___ DATA BELOW ___

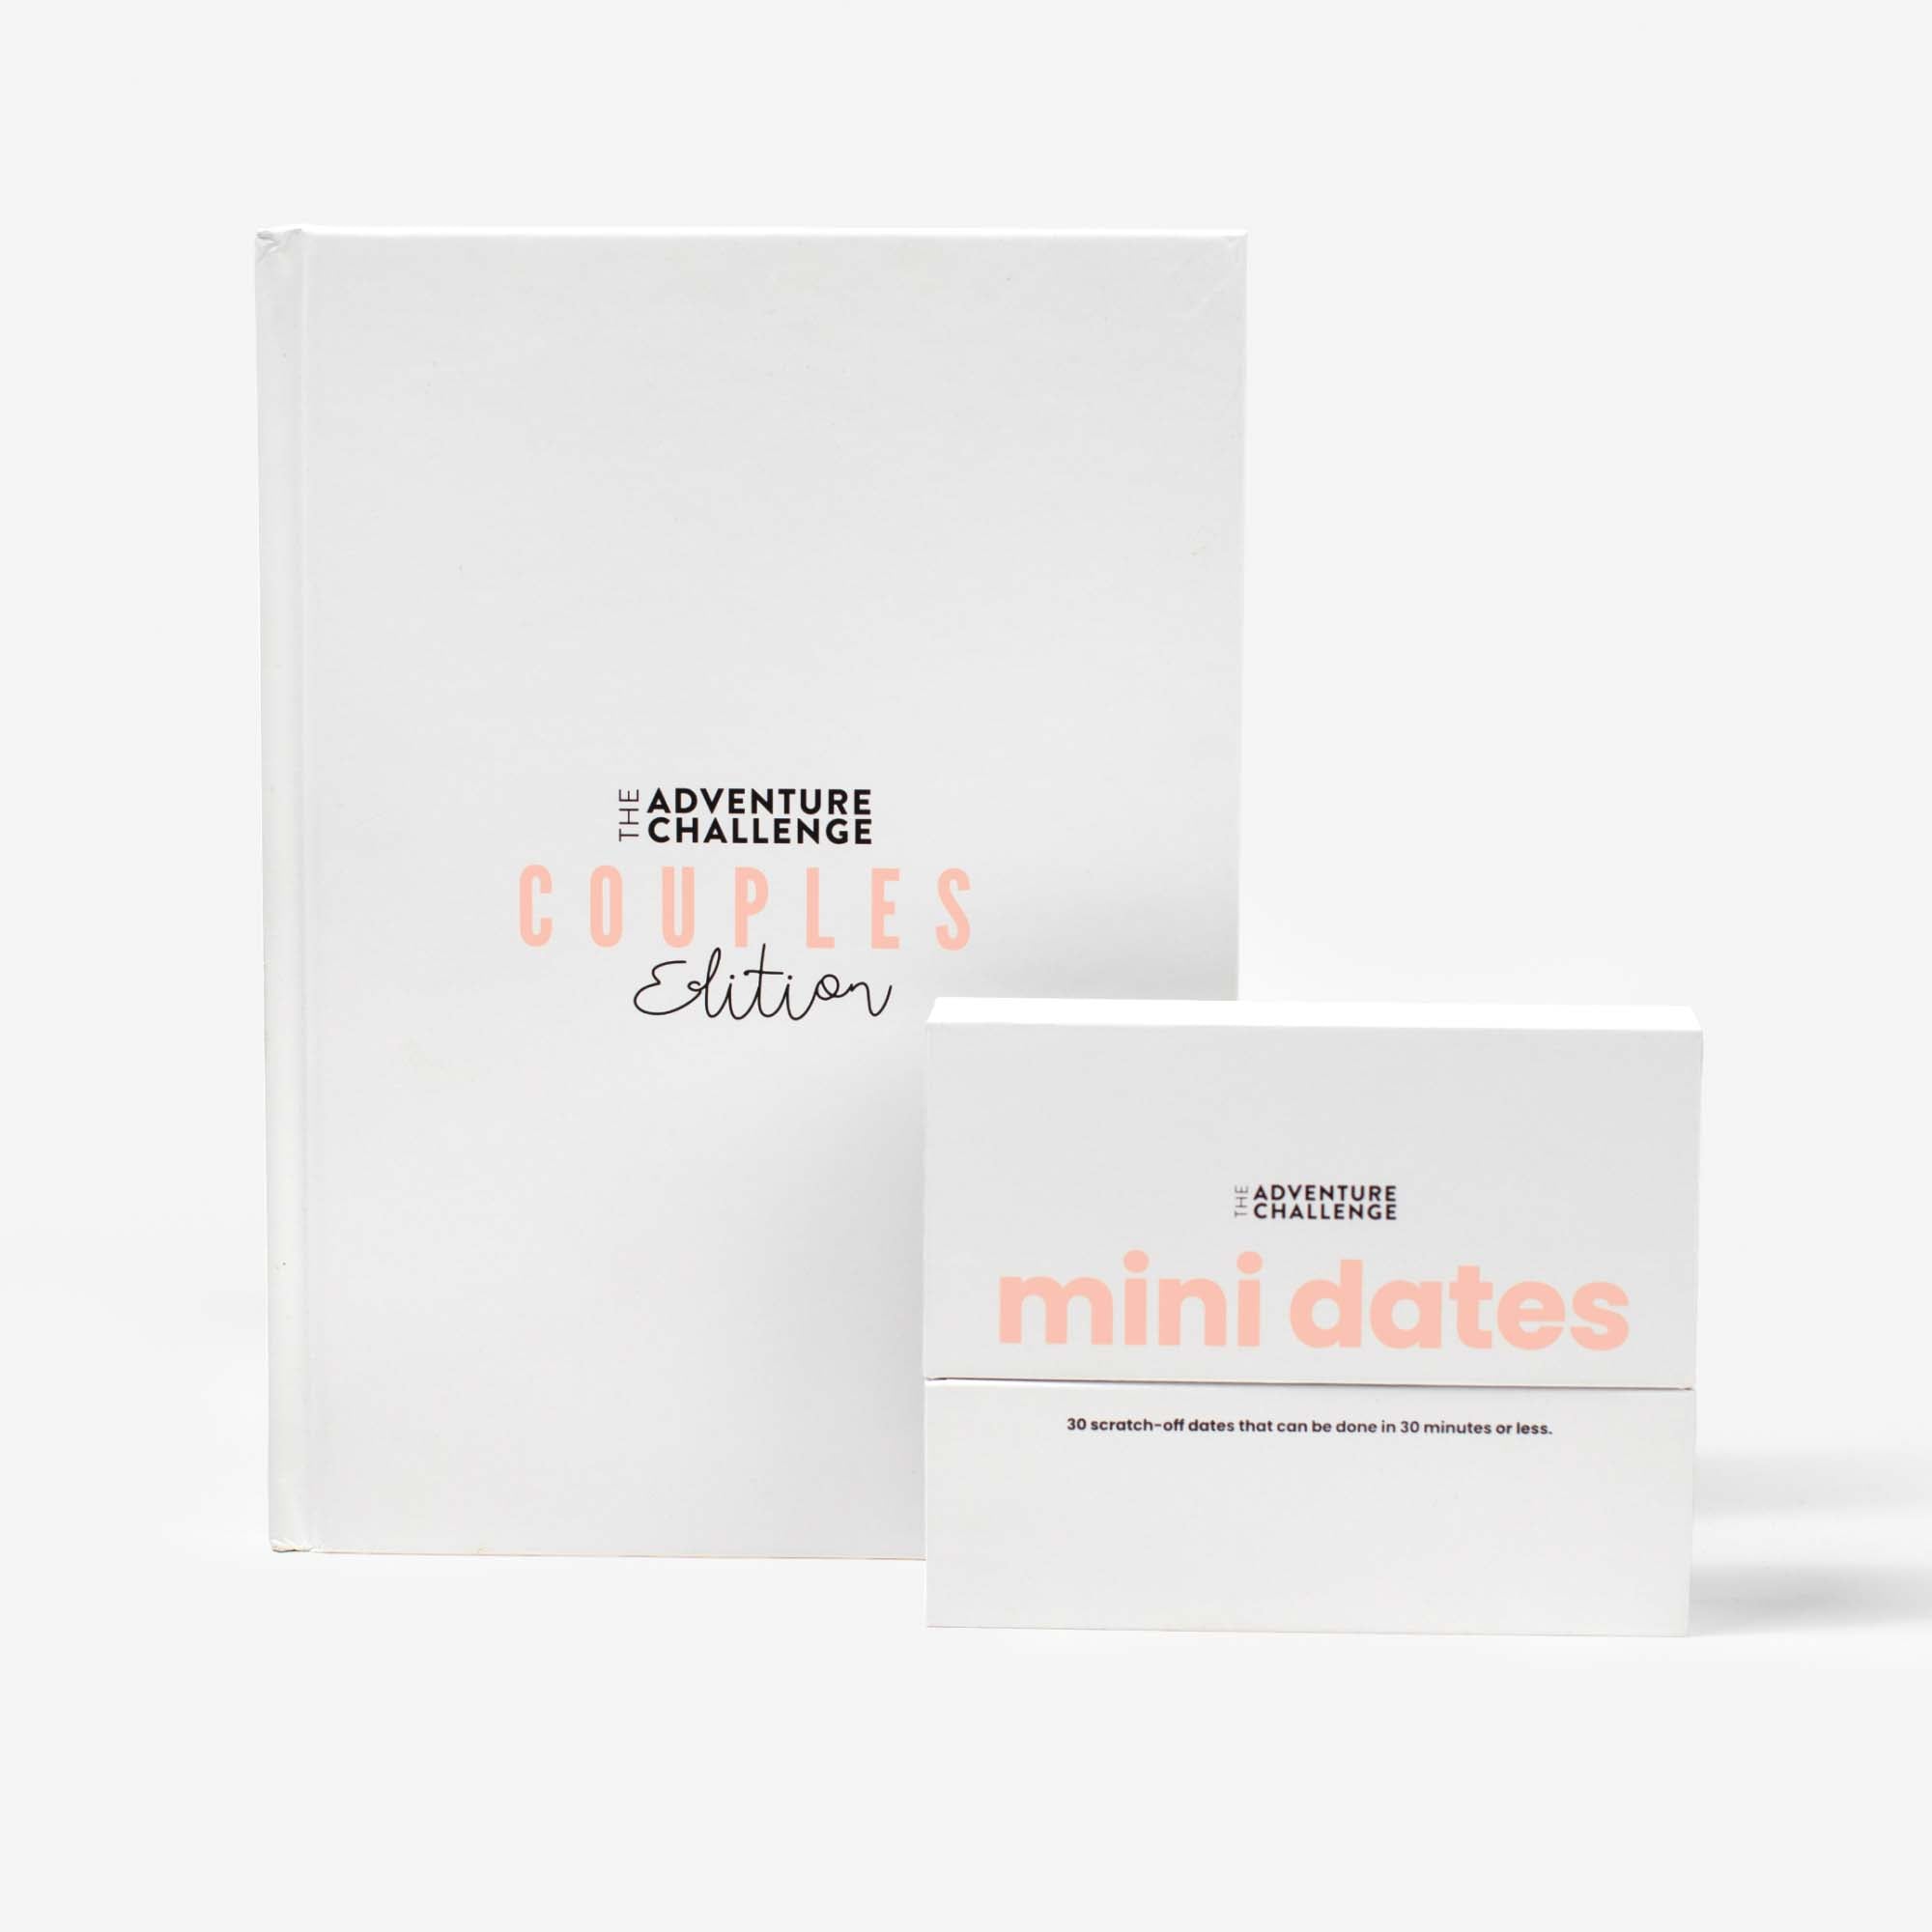 Mini Dates and Couples Edition Bundle
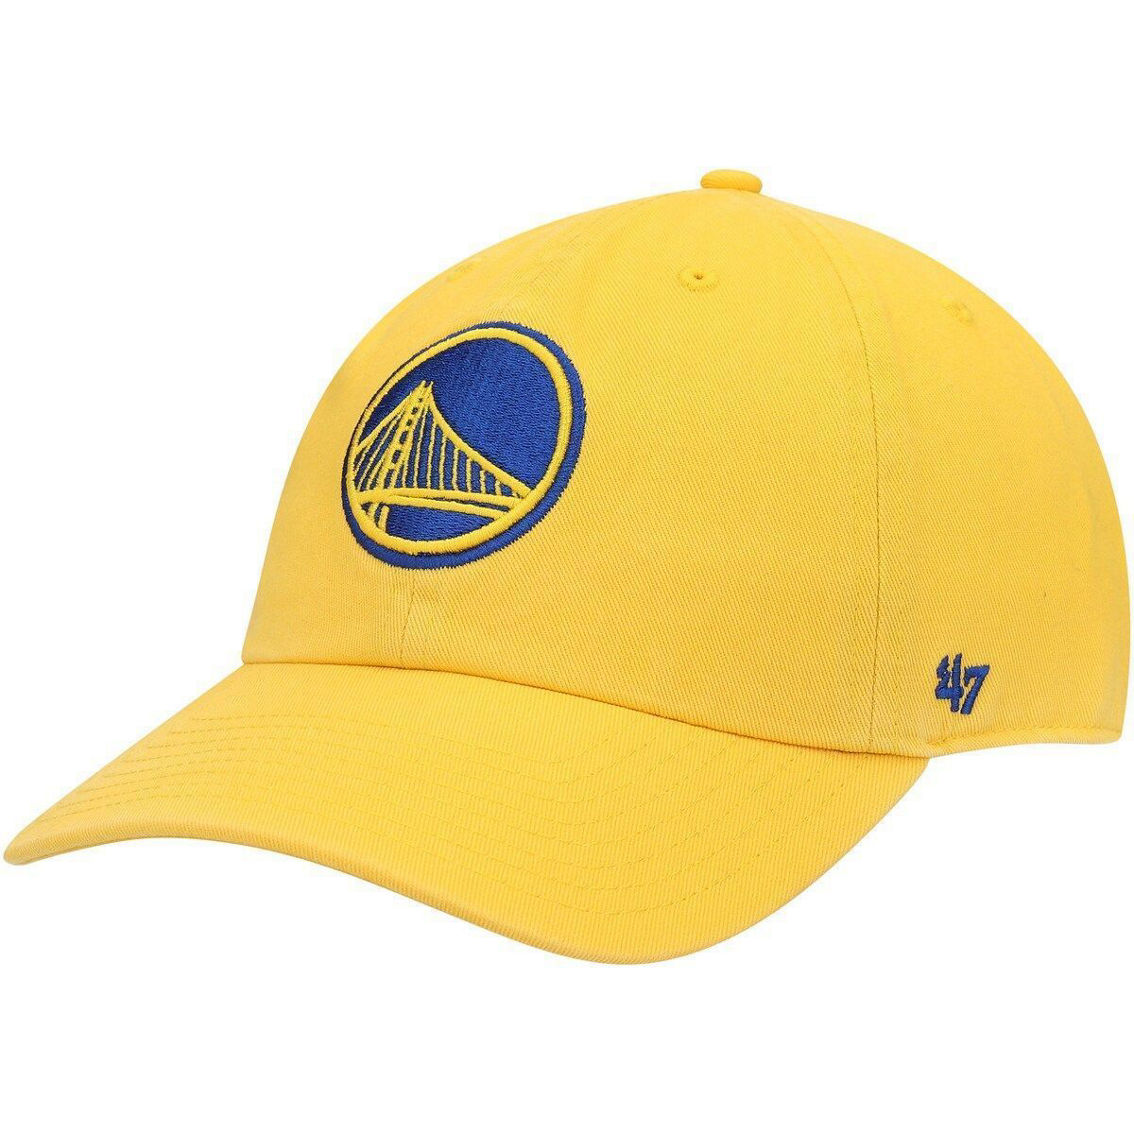 '47 Men's Gold Golden State Warriors Team Clean Up Adjustable Hat - Image 2 of 4
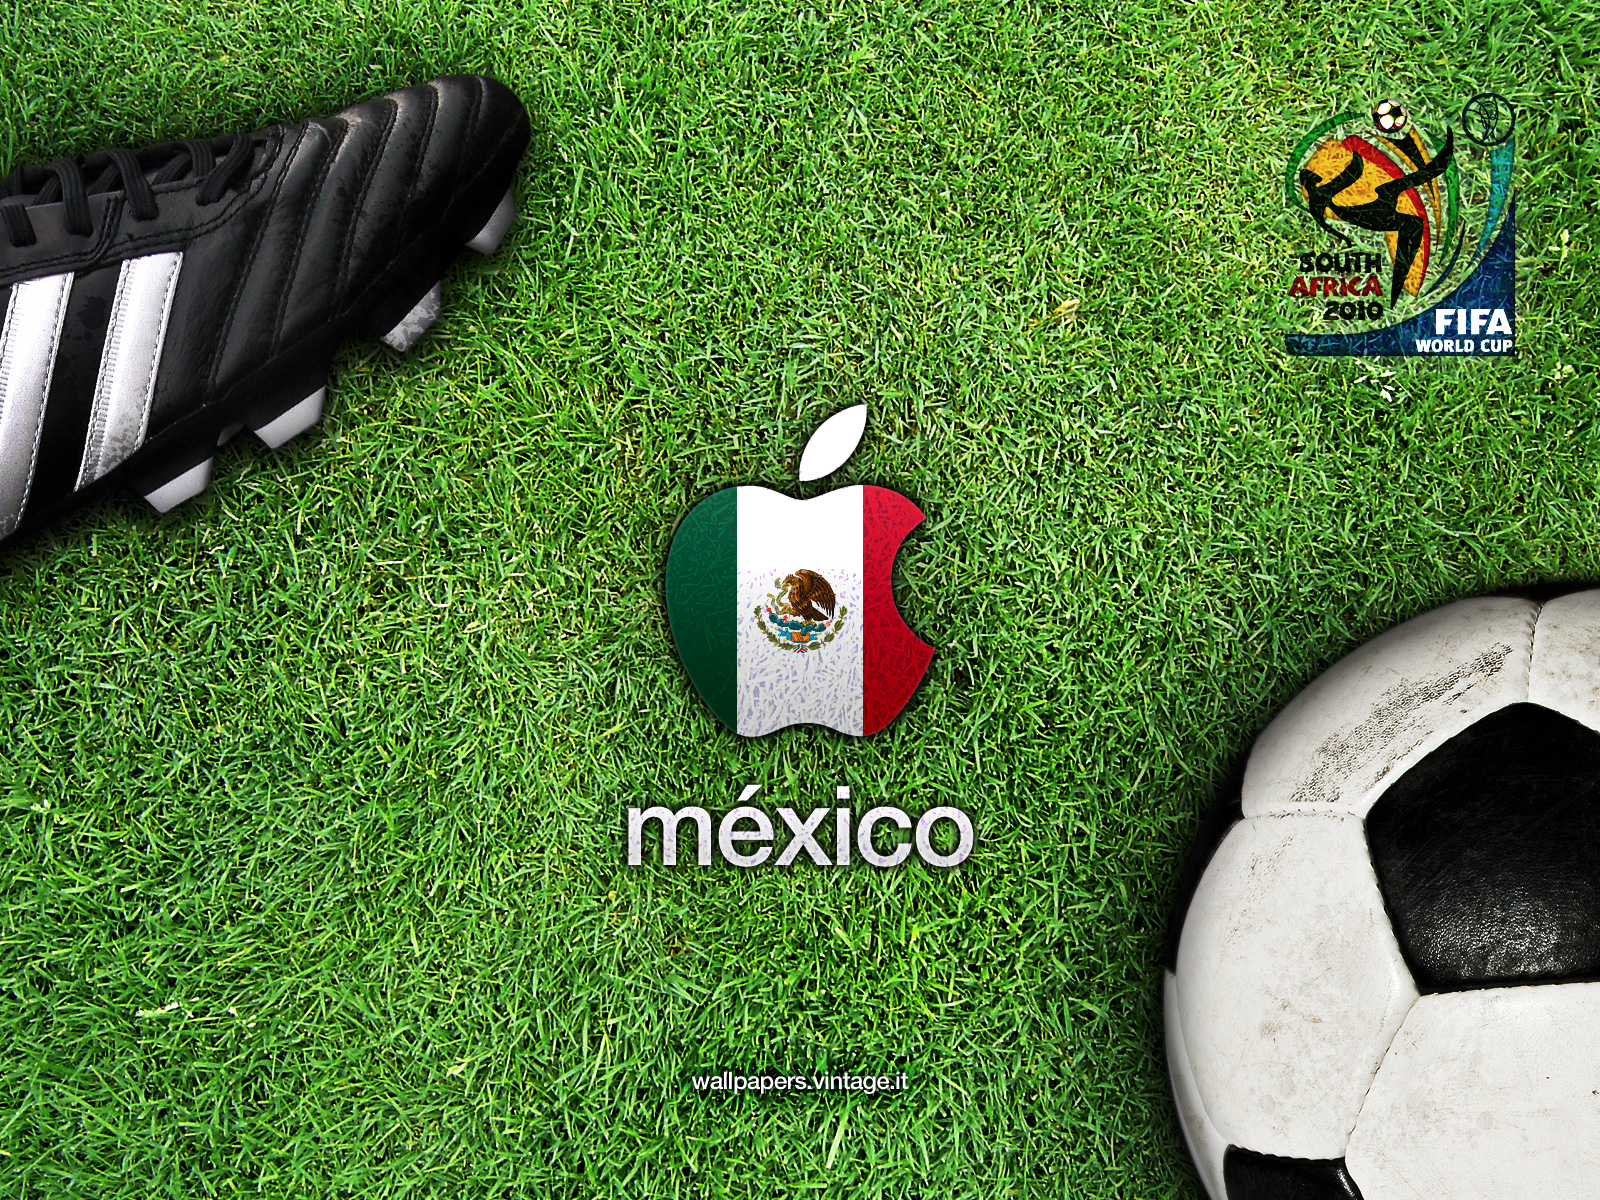 Mexico Fifa World Cup wallpaper - Free Desktop HD iPad iPhone

___

PROBLEM TO WORK ON:
Repeat the material above exactly. Leave every picture out of it.

WRITTEN ANSWER:
 Mini Dates and Couples Edition Bundle
 '47 Men's Gold Golden State Warriors Team Clean Up Adjustable Hat - Image 2 of 4
 Mexico Fifa World Cup wallpaper - Free Desktop HD iPad iPhone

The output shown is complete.